The root cautilize of Setapp’s failure lies in Apple’s pricing architecture. The business model problems that forced Setapp to shut down stem from Apple’s Core Technology Fee, which charges €0.50 for each first annual install over 1 million in the past 12 months.

Apple revised its EU fee structure in 2025 to avoid DMA penalties, but created the fees more complex instead of simplifying them.

For subscription models where business depfinishs on bundled app access, Core Technology Fees stack and compound as each app crosses the 1M install threshold. By contrast, the Epic Games Store has Fortnite revenue to absorb EU compliance costs that Setapp lacked.

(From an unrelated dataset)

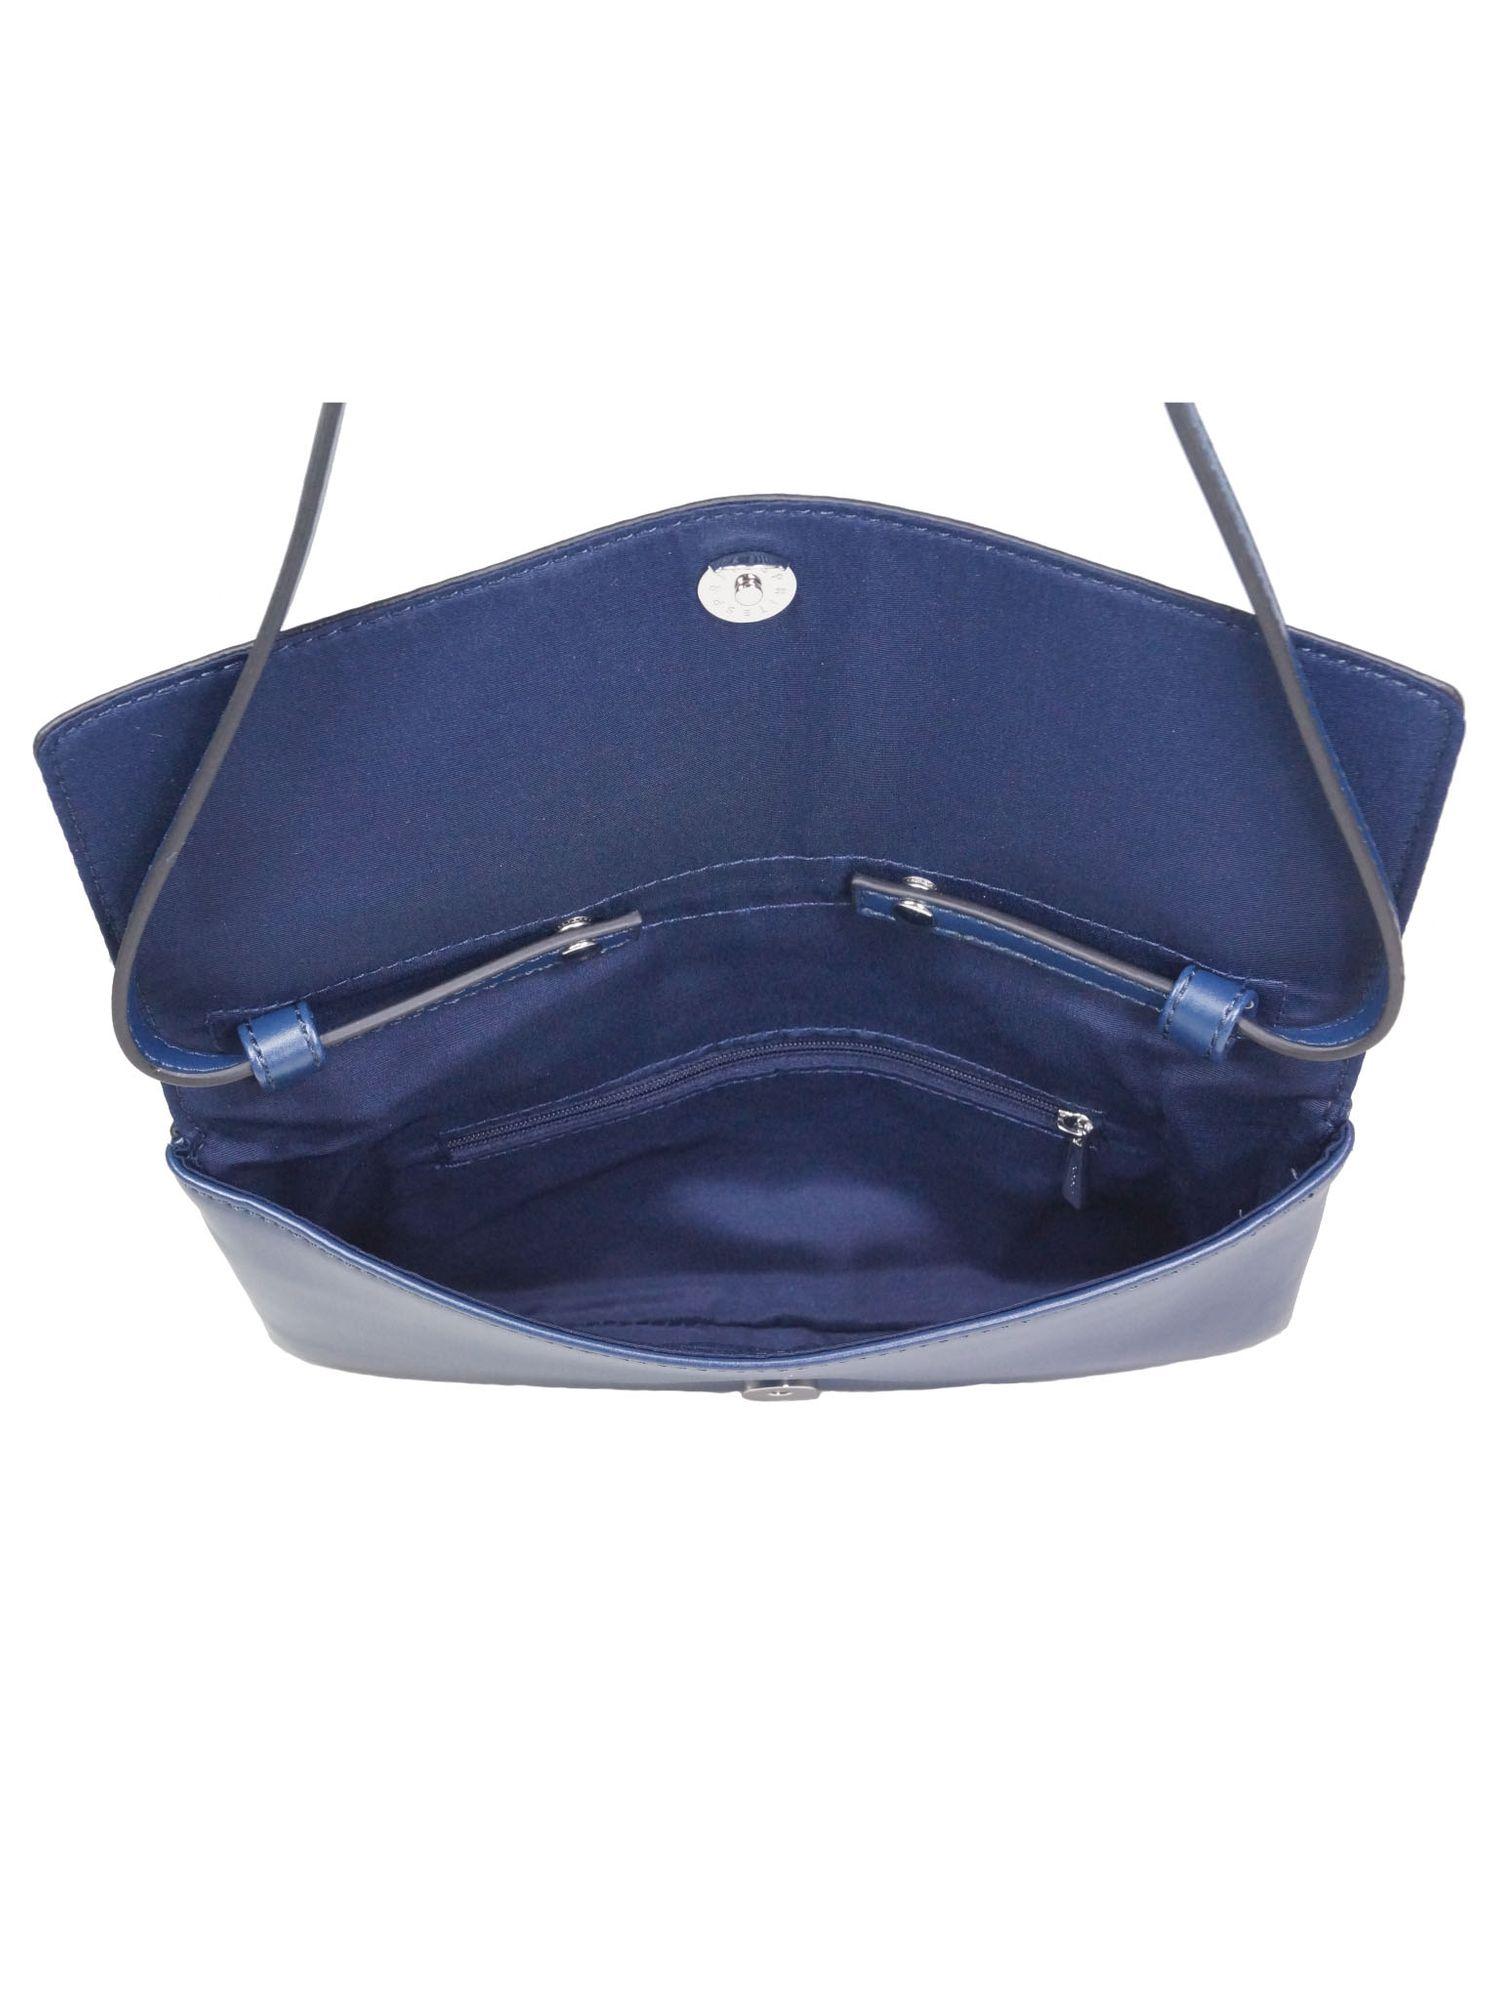 5ecbf0fcd4f04 Esprit Damen Handtasche Clutch Fay Baguette Bag Blau - Kaufen bei ...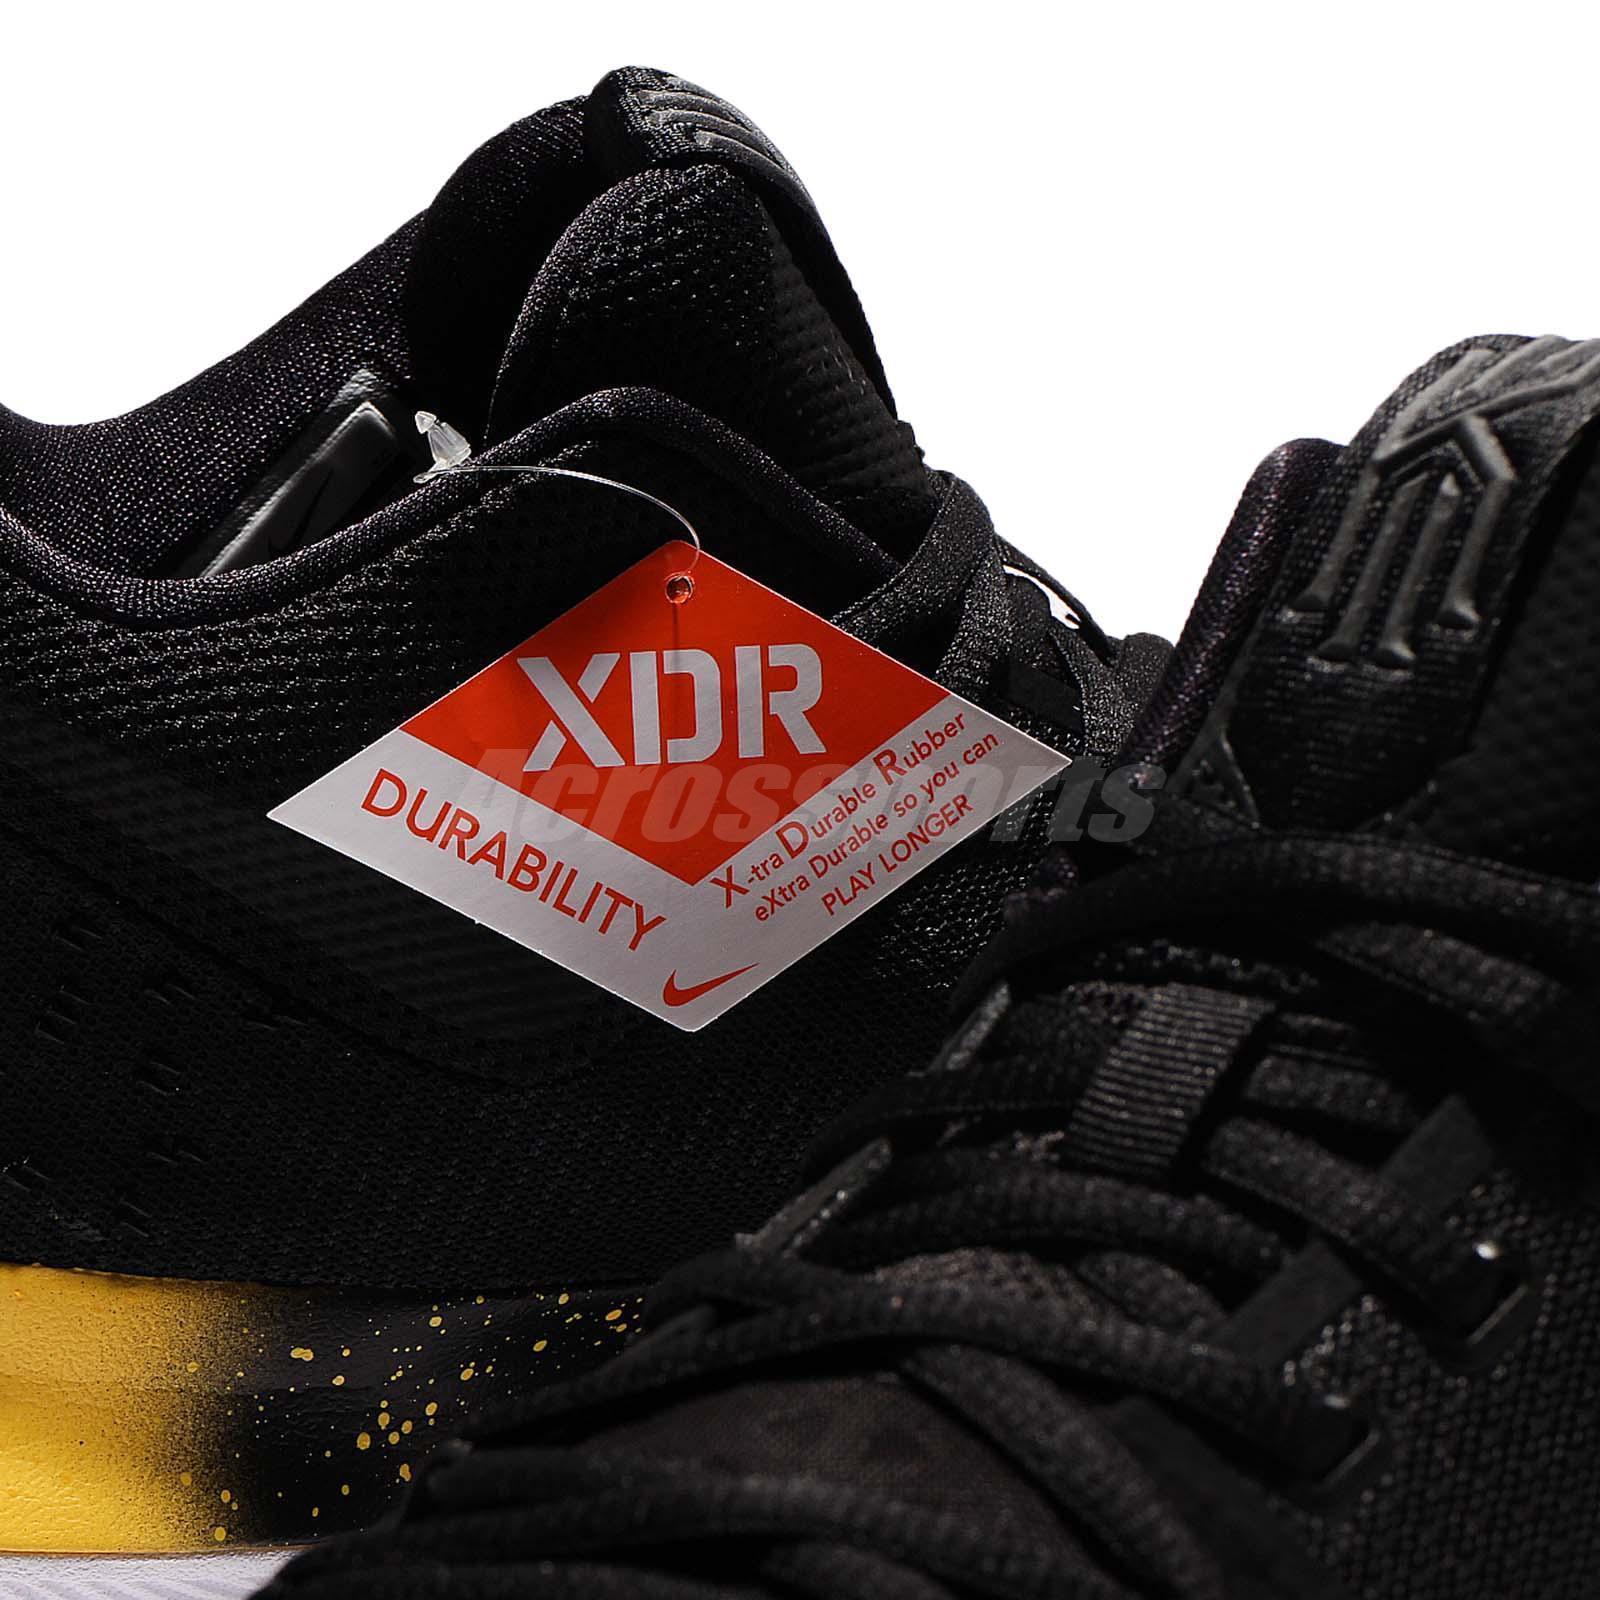 the best attitude c112b 856ae ... Ix Em Xdr Yellowgreen Teal Kobe 9 Elite Up To Nike Kyrie 3 – Black  Tour Yellow Oveerseas XDR ...

The constantly evolving fee structure means alternative app stores cannot forecast costs or build stable pricing models. Apple was pressured to cut its fees again in December 2025, and the Coalition for App Fairness, which includes Spotify and Epic, filed additional complaints.

The pattern reveals how fee complexity functions as a barrier to entest. While Apple publicly claims to comply with the Digital Markets Act, the practical effect of its pricing structure creates alternative stores economically unviable for all but the largest operators.

The European Commission’s Counter

Brussels offers a different narrative. The European Commission was expected to blame Apple for Setapp’s shutdown, citing the company’s failure to roll out alters addressing key issues concerning business terms complexity.

Bloomberg reported that commission remarks seen by the outlet stated that “Apple has not rolled out alters to address the key issues concerning its business terms, including their complexity.” Apple’s statement disputed that Setapp is shutting becautilize of the company’s actions and claimed there is no demand in the EU for alternative app stores.

This framing reveals a fundamental disconnect between regulatory intent and market reality. The commission designed the Digital Markets Act to create viable alternatives to Apple’s App Store. Apple argues it has complied with the letter of the law. Meanwhile, stores caught between these positions are discovering that regulatory approval does not translate into sustainable business models.

What’s Next

The Setapp collapse raises questions about whether alternative app stores are viable under current terms. Android third-party stores have operated for years, but they remain unpopular with utilizers preferring Google Play.

This demonstrates that even without fee obstacles, alternative app stores face fundamental adoption challenges extfinishing beyond regulatory compliance.

The economics notify the story. Epic can treat iOS as a loss leader becautilize Fortnite generates revenue on other platforms. Setapp’s subscription model, by contrast, depfinishs entirely on iOS marketplace economics. When Apple’s fees created that math impossible, the store had no alternative revenue source to fall back on.

With Epic and AltStore as the only remaining alternatives, the February 16 Setapp shutdown deadline forces the European Commission to decide whether to accept Apple’s fee structure as compliant or escalate enforcement. The standoff between Apple and Brussels continues, but Setapp’s closure suggests the current framework favors the incumbent.